Rep. Bruce Cozart (R-Hot Springs), former chair of the House Education Committee and a 10-year Capitol veteran, all but admitted this week that the fight for equity in education is lost. Cozart met with a cluster of public school teachers who came to Little Rock from across the state to try to figure out what the hell is going on. Gov. Sarah Sanders continues to dangle foreboding sound bytes about “bold, conservative reform,” “education freedom accounts” and merit pay, but there’s nothing yet on paper and teachers are understandably desperate for details.

That was a week ago.

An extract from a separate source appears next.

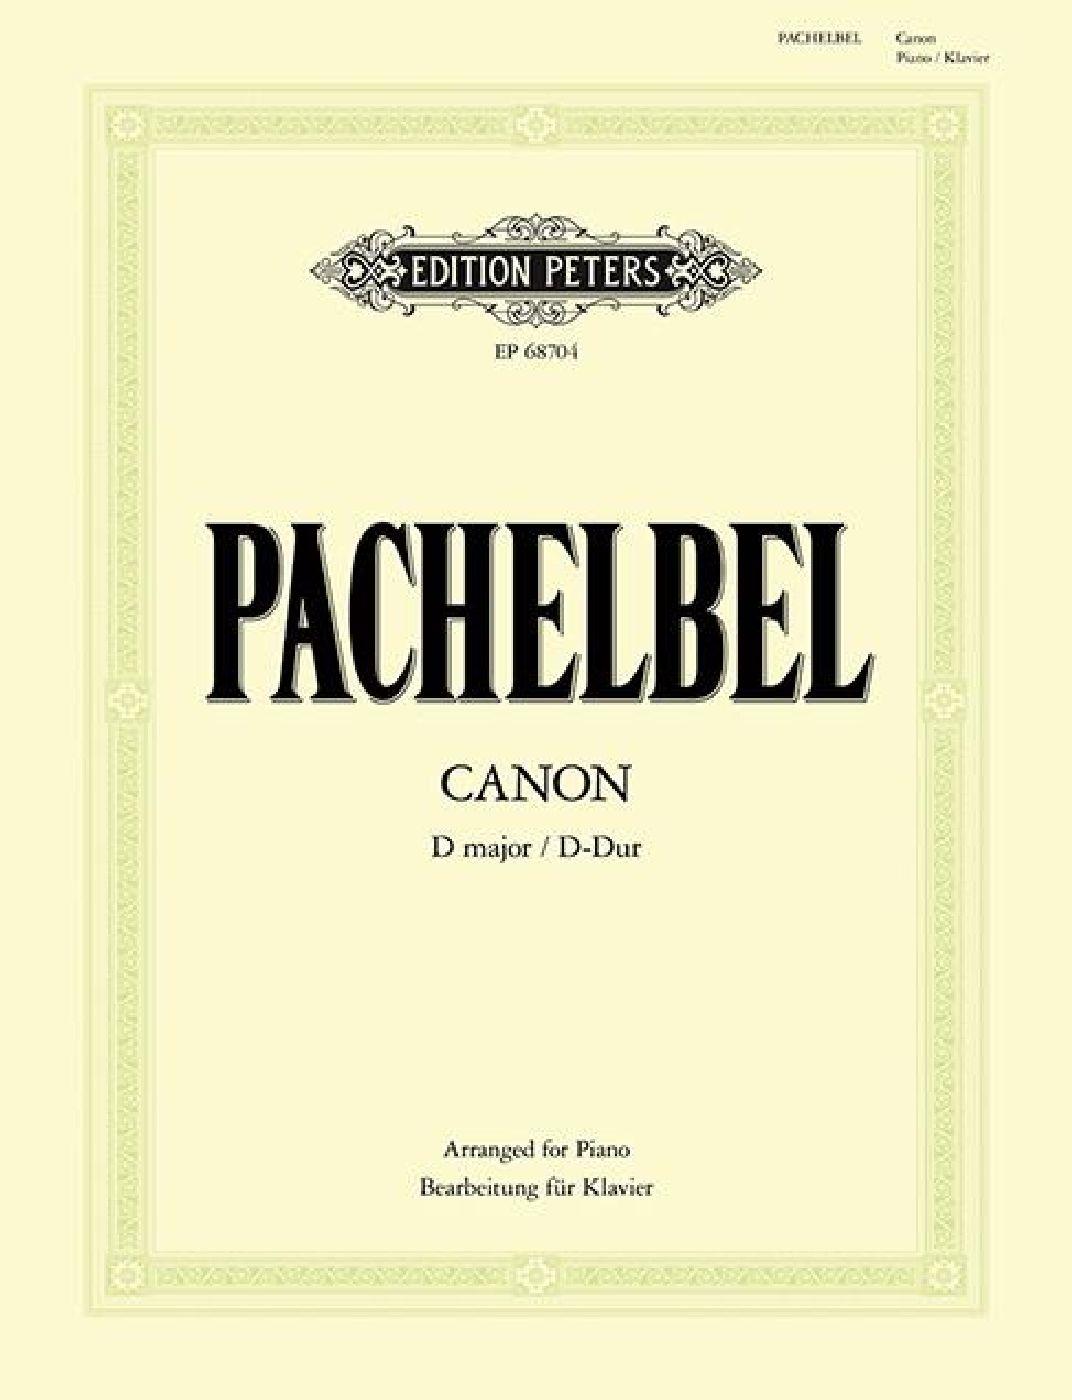 Johann Pachelbel - Canon In D Major - Piano

Since then, of course, the sound bites have given way to a full-blown education plan that is every bit as bad as expected.

A veteran in the fight against school vouchers, Cozart is laying down his sword.

“I know you are disappointed in me, but I have been fighting vouchers for eight years and I am just tired. There is nothing I can do,” he told teachers Wednesday.

Did he really say this stuff? Yes! Reached by phone Friday morning, Cozart gave some lip service to what he said were the good intentions of his Republican colleagues, but confirmed the conversations.

There are other Republican advocates of public schools in the Arkansas Legislature, but they’re seemingly a dying breed. Sen. James Sturch, an educator and reliable public school champion, got primaried and lost his seat in 2022 to pro-voucher candidate John Payton. Republican Rep. Jim Wooten of Beebe is still hard at work trying to push bills to keep vouchers from widening the gap between “haves and have-nots.” A couple of Republicans recently went along with Wooten’s bill to require private schools that accept public money in the form of vouchers to issue standardized tests and admit all comers, but most Republicans in the House Education hearing did not. The bill died in committee.

Cozart’s final words in the article are not heartening.

“The rich want vouchers. That’s who this legislation is for. The rich. They want it and they are going to get it. I am sorry but that’s just the truth,” Cozart said. Sometimes saying the quiet part out loud isn’t a bad thing.